# Purina puppy chow?



## MikaTallulah (Jul 19, 2006)

I prefer Proplan Chicken and Rice formulas for my Goldens

Every person will recommended a different brand.

My 1 uncle has always feed his dogs Ol'Roy and they have lived 15 to 19 years. I wounle not feed it but it works for his dogs.

Feed whatever works for both you and your dog. If you are going to change make the transition slow. I took Buddy off of Dog Chow quickly but he was tolerating the Proplan well.


----------



## OutWest (Oct 6, 2011)

I also give Purina Pro Plan, puppy formula. I mix it up between the lamb and the chicken. Tucker is very happy with it--no allergies, coat is gorgeous. I've been very happy. If you decide to feed PPP, be sure to go to their Facebook page and "like" it. They give coupons...!


----------



## Radarsdad (Apr 18, 2011)

With the Purina I have raised several pups with Puppy Chow but I now would go with Pro Plan. My pup was fed Blue Buffalo puppy but is now on Taste of The Wild Buffalo and Venison. Take this with a grain of salt because he is a very active and he needs the extra protein and fat content. If cost is a factor you have to decide which is better for you and your pup.


----------



## Holliday21 (Feb 13, 2012)

Radarsdad said:


> With the Purina I have raised several pups with Puppy Chow but I now would go with Pro Plan. My pup was fed Blue Buffalo puppy but is now on Taste of The Wild Buffalo and Venison. Take this with a grain of salt because he is a very active and he needs the extra protein and fat content. If cost is a factor you have to decide which is better for you and your pup.




Is the ppp a soft canned food or hard? My puppy had the beniful food when we first got him and was very sick throwing up and diharrea all night we switched him to the purina puppy chow and he is taking to it great his feces is starting to harden back up and he is being more active. Hunter is my first golden retriever and I'm enjoying every second of him he is so smart.


----------



## MikaTallulah (Jul 19, 2006)

Holliday21 said:


> Is the ppp a soft canned food or hard? My puppy had the beniful food when we first got him and was very sick throwing up and diharrea all night we switched him to the purina puppy chow and he is taking to it great his feces is starting to harden back up and he is being more active. Hunter is my first golden retriever and I'm enjoying every second of him he is so smart.

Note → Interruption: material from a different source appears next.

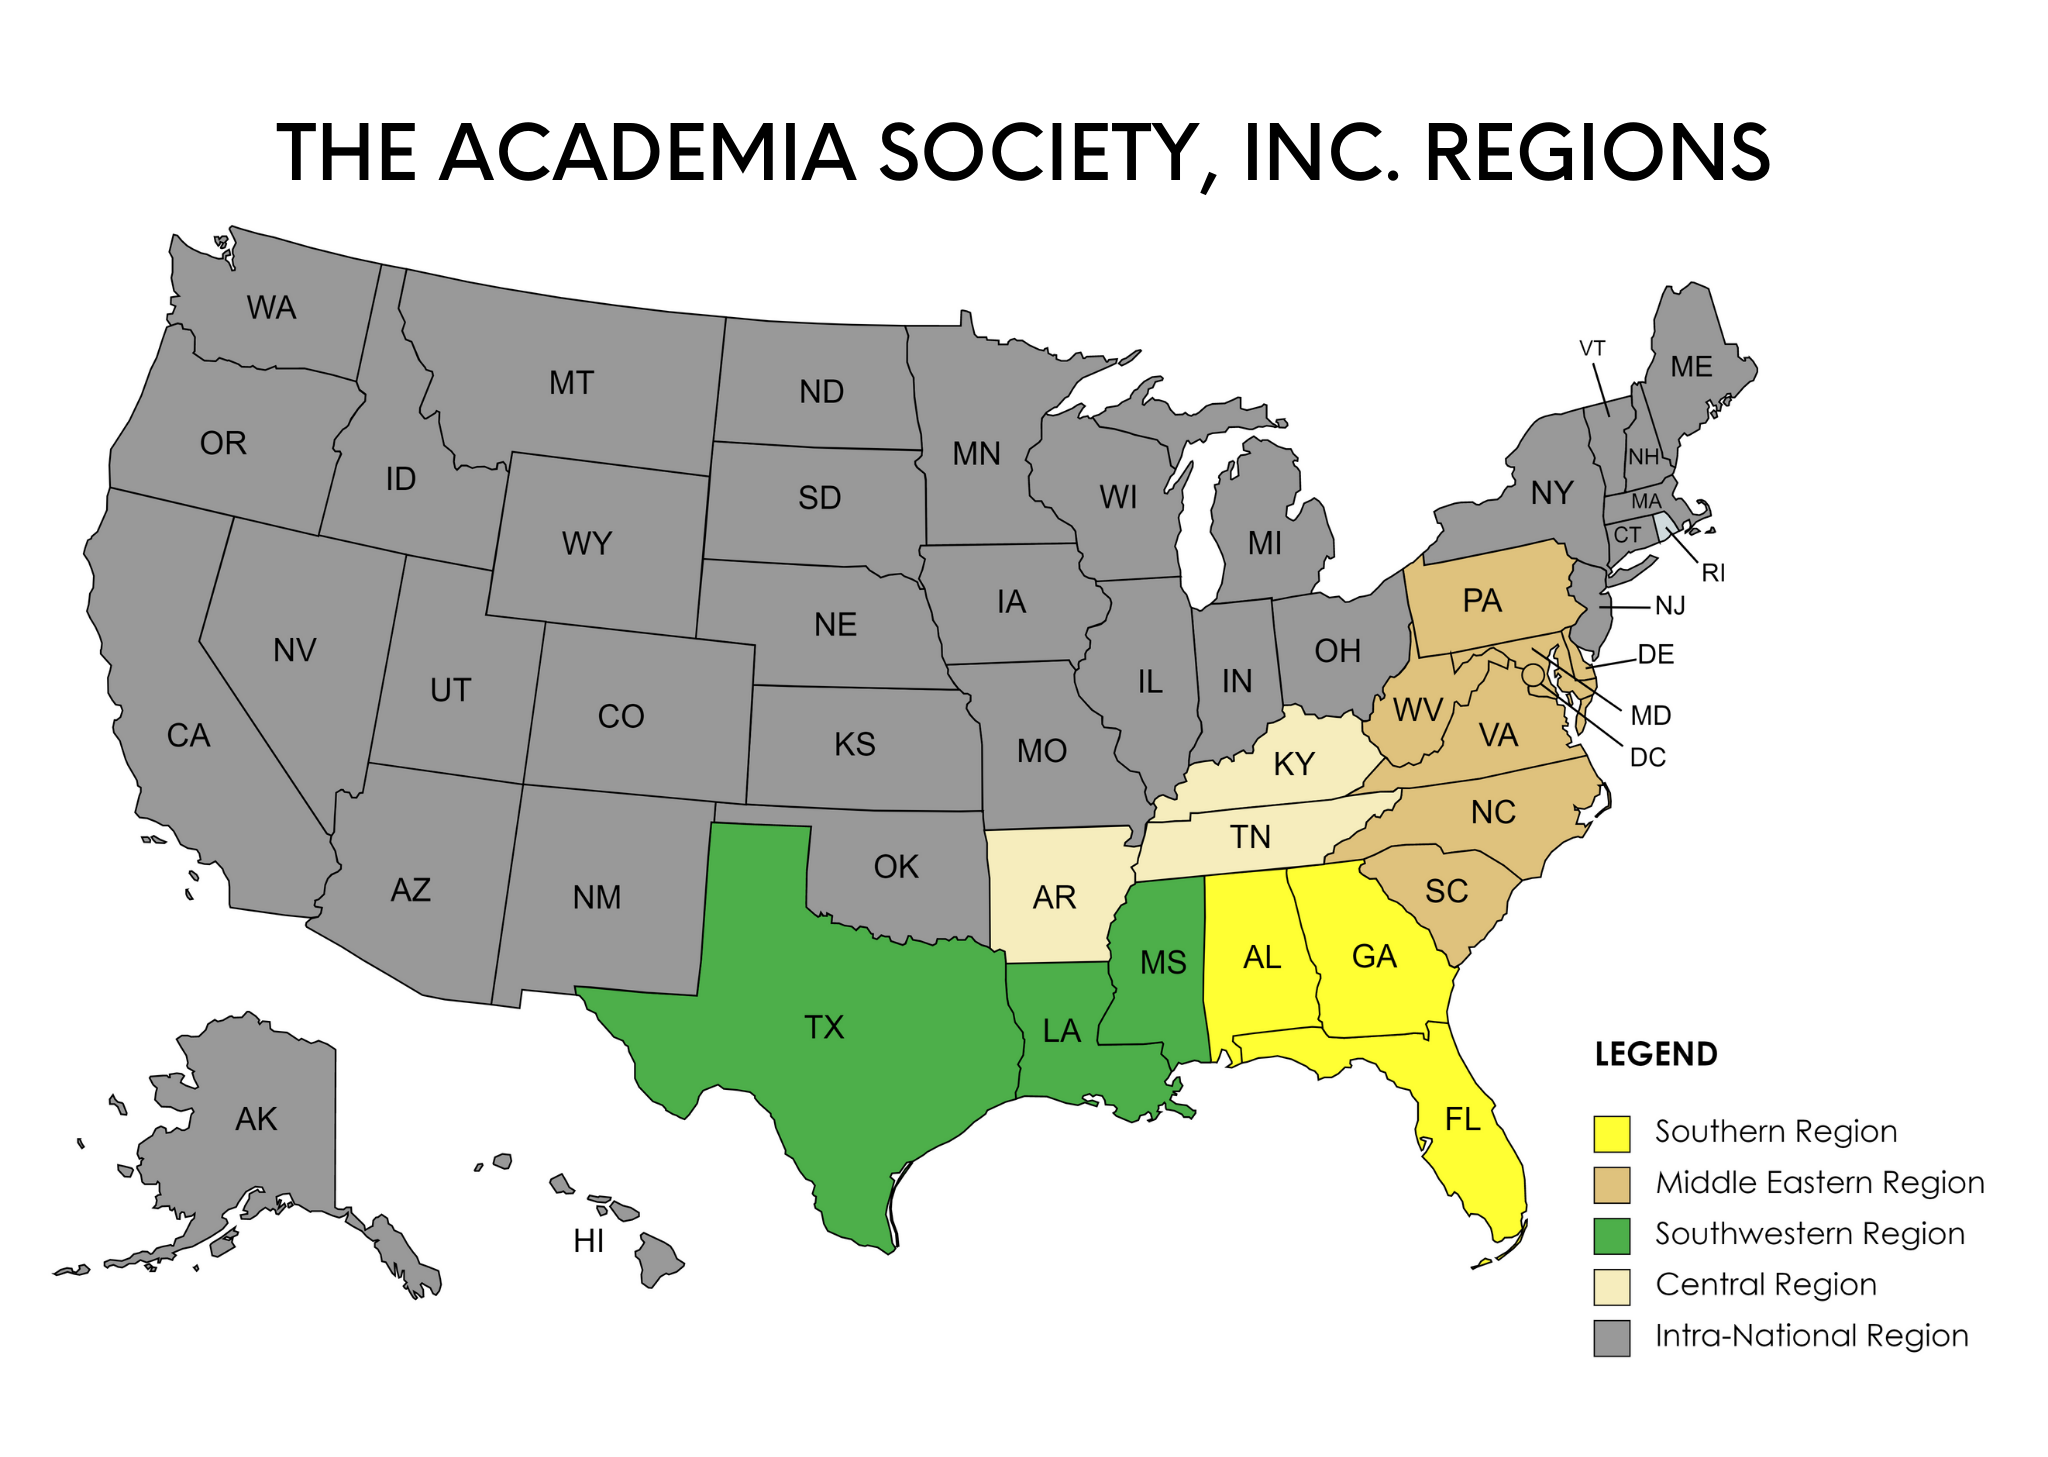 THE ACADEMIA SOCIETY, INC. (1)

They do sell canned but I would feed the kibble and maybe mixed a few tablespoons of wet as a treat into the kibble.


----------



## abowman (Jan 5, 2012)

Finnegan is on proplan chicken and doing well. He too has no allergies and his coat is wonderful!


----------



## Dexter12 (Feb 10, 2012)

Dex gets Purina Pro Plan Chicken and Rice puppy food and he loves it


----------



## Kaila (Feb 1, 2012)

Here is a review and break-down of Purina Pro Plan:

Purina Pro Plan Dry Dog Food | Review and Rating

It contains wheat, corn, AND soy (three highly allergenic grains for dogs that can cause itchiness, gastrointestinal irritation, bloat, and yeast imbalance resulting in ear infections, strong doggy odor, and oily skin), poultry by-product meal (indigestible parts of poultry from unnamed sources--can include feathers, beaks, claws, etc.), animal digest (a mix of disgusting, fatty leftovers from the cooking process that is sprayed on to kibble to improve its flavor).

Check out Dog Food Reviews | Dog Food Ratings and Dog Food Analysis - Reviews of kibble as well as the book "Food Pets Die For" by Ann Martin.

Also check out these videos:










For comparison, here is what I feed my dog:
Orijen Puppy Food | Review and Rating

And here's an article about the risks of feeding a dog food that contains grains:
Dog Food Grains Linked to Allergies and Other Diseases

Be sure to research the company that makes Purina (Nestlé). Dog food can legally contain euthanized cats/dogs (including the chemical used to euthanize them, phenobarbital, which doesn't braek down with heat processing), diseased livestock unfit for human consumption, moldy grains, indigestible parts of animals (hooves, feathers, etc.), and roadkill. Make sure you know about the company's processing standards.

I work as a nutrition adviser for a natural/organic pet food store. This is my second job in the dog food industry. Hope this helps!


----------



## Willow52 (Aug 14, 2009)

^^^ The Pro Plan Selects and the Pro Plan Sensitive Skin & Stomach doesn't have corn wheat or soy.


----------



## Kaila (Feb 1, 2012)

The first two ingredients of Pro Plan Sensitive Stomach are "Salmon, Brewers rice." 

'Salmon' refers to the muscle meat from salmon fish, including water. Since ingredients are listed by weight, it's likely that when the salmon is dried into 'salmon meal' (the weight from water is removed), it will fall lower than rice on the list. That means that rice is probably the #1 ingredient by weight in that food.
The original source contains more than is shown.